• [Problem statement] Each line that includes "Banque" must be copied from the records.

• [Material provided]
__________________________________________________

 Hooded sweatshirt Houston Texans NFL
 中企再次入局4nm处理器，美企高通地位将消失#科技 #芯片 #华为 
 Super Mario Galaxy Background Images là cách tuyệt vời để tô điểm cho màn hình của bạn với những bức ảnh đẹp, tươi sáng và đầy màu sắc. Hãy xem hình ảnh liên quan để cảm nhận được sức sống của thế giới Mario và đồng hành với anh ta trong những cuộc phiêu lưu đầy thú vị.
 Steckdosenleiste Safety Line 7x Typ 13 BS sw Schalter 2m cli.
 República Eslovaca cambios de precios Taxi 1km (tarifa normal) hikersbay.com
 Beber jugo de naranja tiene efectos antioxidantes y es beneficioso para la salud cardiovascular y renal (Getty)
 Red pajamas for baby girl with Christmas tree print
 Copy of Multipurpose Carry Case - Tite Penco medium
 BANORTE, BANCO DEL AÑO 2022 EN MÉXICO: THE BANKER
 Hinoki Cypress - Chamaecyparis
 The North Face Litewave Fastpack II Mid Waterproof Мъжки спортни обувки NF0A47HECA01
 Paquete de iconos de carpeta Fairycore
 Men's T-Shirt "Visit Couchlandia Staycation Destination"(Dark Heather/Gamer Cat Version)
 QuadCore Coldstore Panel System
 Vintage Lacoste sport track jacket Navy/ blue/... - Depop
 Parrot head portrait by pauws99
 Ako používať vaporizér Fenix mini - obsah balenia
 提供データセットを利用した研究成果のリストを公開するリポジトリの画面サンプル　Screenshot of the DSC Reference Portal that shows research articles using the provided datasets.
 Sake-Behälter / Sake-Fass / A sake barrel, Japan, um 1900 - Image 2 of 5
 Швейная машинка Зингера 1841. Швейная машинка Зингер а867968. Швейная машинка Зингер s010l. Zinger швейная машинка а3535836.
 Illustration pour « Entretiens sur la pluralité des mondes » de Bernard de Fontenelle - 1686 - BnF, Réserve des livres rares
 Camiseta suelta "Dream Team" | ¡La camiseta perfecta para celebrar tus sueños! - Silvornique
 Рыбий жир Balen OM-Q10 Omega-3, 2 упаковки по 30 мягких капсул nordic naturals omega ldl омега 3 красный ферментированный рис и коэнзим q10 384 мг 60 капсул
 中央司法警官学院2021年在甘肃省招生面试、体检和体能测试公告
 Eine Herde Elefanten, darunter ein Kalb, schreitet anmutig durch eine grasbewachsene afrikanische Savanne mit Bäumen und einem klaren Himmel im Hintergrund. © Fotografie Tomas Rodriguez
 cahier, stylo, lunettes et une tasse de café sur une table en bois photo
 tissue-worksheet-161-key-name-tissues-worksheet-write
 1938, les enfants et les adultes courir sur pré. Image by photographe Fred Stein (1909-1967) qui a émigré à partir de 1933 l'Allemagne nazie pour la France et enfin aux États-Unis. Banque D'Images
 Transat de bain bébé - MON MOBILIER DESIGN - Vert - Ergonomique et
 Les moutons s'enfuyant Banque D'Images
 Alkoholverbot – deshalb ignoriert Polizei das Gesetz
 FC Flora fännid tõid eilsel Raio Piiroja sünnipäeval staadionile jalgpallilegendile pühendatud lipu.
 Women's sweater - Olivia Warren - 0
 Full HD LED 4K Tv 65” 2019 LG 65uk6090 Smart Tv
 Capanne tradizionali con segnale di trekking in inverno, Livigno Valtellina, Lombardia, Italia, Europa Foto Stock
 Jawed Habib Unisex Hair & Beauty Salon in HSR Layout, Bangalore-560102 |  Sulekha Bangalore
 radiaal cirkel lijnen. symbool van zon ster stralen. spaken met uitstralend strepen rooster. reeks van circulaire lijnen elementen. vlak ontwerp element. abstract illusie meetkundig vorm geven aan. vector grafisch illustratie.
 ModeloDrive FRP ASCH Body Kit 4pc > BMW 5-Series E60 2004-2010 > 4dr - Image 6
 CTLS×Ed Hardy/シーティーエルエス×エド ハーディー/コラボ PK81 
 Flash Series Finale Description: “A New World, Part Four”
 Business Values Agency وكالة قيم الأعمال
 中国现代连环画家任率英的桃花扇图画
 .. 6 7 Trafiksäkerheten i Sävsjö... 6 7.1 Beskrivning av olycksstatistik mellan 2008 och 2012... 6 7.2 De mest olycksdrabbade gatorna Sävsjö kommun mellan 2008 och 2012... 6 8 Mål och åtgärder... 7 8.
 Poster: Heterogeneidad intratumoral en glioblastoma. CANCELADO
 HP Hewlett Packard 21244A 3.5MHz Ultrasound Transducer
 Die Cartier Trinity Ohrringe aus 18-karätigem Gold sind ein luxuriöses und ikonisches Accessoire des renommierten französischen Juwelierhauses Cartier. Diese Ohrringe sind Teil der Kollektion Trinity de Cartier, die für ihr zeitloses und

__________________________________________________

• [Exercise answer]
 1938, les enfants et les adultes courir sur pré. Image by photographe Fred Stein (1909-1967) qui a émigré à partir de 1933 l'Allemagne nazie pour la France et enfin aux États-Unis. Banque D'Images
 Les moutons s'enfuyant Banque D'Images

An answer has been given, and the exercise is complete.